Try it >> Output only the lines below from the one containing "The Voice: Live" to the one containing "Neue Justiz (NJ), Zeitschrift", exactly as written, both ends kept.

Start of Supplied material

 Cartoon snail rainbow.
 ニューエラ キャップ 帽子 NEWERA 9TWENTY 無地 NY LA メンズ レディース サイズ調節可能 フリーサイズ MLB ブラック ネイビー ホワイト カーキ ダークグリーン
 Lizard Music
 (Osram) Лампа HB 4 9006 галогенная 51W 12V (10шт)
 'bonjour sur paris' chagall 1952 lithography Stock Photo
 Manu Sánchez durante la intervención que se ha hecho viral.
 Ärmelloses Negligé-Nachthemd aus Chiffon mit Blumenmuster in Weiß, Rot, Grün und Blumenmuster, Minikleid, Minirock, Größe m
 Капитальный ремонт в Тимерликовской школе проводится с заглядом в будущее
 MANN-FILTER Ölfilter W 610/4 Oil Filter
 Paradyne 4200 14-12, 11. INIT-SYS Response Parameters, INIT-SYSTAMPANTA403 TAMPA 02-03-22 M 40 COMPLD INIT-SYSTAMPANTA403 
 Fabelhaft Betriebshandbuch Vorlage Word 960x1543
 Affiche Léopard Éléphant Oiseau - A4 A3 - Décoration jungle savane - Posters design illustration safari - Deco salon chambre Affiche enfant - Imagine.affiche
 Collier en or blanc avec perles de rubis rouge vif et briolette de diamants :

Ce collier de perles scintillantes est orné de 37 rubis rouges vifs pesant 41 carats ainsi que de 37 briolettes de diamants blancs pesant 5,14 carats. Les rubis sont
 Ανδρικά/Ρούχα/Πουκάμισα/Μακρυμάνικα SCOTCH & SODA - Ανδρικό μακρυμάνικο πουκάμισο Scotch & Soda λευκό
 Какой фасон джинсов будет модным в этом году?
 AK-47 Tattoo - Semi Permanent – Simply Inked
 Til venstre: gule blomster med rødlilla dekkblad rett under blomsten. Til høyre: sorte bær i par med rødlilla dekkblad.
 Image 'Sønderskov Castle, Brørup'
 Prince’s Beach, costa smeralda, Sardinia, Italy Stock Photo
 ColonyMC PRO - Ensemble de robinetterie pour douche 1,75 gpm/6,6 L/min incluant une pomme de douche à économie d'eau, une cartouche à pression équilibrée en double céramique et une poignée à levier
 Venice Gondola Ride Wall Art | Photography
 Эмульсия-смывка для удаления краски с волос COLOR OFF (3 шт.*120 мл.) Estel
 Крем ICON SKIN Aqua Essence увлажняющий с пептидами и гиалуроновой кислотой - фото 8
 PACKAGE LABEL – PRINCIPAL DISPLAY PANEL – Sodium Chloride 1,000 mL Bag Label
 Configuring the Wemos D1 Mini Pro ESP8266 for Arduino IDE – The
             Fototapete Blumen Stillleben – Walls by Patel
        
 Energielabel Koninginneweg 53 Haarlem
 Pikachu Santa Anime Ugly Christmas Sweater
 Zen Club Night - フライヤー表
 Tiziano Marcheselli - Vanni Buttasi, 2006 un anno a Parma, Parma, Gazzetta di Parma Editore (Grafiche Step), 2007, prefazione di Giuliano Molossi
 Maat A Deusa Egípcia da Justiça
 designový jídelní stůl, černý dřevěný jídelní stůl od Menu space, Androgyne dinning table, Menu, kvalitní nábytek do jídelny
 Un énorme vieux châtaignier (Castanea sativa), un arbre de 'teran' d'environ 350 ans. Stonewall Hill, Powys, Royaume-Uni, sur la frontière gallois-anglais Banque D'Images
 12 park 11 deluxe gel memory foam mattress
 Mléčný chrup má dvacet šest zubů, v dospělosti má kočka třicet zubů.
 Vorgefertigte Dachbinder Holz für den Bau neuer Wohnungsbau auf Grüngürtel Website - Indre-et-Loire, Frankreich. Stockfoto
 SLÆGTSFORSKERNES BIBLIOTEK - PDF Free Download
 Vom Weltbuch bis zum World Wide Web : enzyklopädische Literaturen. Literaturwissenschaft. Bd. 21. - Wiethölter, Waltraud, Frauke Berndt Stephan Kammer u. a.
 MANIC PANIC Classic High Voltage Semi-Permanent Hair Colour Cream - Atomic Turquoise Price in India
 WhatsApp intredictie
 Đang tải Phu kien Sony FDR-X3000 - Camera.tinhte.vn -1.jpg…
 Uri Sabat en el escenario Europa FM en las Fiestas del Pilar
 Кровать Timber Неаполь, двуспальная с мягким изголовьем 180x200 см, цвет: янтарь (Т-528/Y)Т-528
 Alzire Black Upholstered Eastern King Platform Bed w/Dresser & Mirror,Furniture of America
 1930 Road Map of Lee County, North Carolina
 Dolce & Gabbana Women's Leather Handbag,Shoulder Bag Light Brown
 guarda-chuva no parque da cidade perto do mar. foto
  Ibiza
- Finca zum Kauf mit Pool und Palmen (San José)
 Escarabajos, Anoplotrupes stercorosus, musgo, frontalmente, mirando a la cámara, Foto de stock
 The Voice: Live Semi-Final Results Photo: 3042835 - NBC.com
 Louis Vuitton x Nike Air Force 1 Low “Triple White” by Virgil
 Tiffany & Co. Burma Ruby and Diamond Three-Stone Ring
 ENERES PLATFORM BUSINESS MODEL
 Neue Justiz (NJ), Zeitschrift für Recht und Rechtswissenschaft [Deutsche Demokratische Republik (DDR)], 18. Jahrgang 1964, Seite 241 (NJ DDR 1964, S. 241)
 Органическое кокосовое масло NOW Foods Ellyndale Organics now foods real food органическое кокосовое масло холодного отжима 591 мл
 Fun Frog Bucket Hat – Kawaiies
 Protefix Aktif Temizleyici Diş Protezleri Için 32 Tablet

End of Supplied material

Problem solution >>
 The Voice: Live Semi-Final Results Photo: 3042835 - NBC.com
 Louis Vuitton x Nike Air Force 1 Low “Triple White” by Virgil
 Tiffany & Co. Burma Ruby and Diamond Three-Stone Ring
 ENERES PLATFORM BUSINESS MODEL
 Neue Justiz (NJ), Zeitschrift für Recht und Rechtswissenschaft [Deutsche Demokratische Republik (DDR)], 18. Jahrgang 1964, Seite 241 (NJ DDR 1964, S. 241)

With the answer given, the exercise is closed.